> **What is expected**: A line belongs in the answer only if it contains the word "Army"; copy every such line from the listing below.
***** Provided entries
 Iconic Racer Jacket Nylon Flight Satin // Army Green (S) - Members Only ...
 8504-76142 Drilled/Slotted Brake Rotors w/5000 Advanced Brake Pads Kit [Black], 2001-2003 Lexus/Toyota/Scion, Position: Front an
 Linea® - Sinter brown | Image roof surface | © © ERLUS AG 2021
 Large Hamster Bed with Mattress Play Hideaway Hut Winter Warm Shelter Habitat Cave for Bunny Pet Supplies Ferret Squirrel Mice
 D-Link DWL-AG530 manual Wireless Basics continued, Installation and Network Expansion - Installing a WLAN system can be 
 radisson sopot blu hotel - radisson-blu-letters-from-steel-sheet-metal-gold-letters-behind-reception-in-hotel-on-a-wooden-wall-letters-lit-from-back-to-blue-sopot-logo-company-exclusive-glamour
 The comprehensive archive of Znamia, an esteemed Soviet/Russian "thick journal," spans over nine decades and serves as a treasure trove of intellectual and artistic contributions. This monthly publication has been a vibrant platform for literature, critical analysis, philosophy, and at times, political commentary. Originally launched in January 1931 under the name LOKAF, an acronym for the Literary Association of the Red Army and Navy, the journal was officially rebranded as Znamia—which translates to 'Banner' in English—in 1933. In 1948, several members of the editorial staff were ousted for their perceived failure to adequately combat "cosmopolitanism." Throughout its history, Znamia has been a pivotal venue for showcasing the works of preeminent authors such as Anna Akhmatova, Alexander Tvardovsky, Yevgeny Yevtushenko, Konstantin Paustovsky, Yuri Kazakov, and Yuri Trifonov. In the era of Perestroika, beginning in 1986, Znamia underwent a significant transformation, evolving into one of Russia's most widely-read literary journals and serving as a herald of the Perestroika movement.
**********
> **Result for this exercise**:
 Iconic Racer Jacket Nylon Flight Satin // Army Green (S) - Members Only ...
 The comprehensive archive of Znamia, an esteemed Soviet/Russian "thick journal," spans over nine decades and serves as a treasure trove of intellectual and artistic contributions. This monthly publication has been a vibrant platform for literature, critical analysis, philosophy, and at times, political commentary. Originally launched in January 1931 under the name LOKAF, an acronym for the Literary Association of the Red Army and Navy, the journal was officially rebranded as Znamia—which translates to 'Banner' in English—in 1933. In 1948, several members of the editorial staff were ousted for their perceived failure to adequately combat "cosmopolitanism." Throughout its history, Znamia has been a pivotal venue for showcasing the works of preeminent authors such as Anna Akhmatova, Alexander Tvardovsky, Yevgeny Yevtushenko, Konstantin Paustovsky, Yuri Kazakov, and Yuri Trifonov. In the era of Perestroika, beginning in 1986, Znamia underwent a significant transformation, evolving into one of Russia's most widely-read literary journals and serving as a herald of the Perestroika movement.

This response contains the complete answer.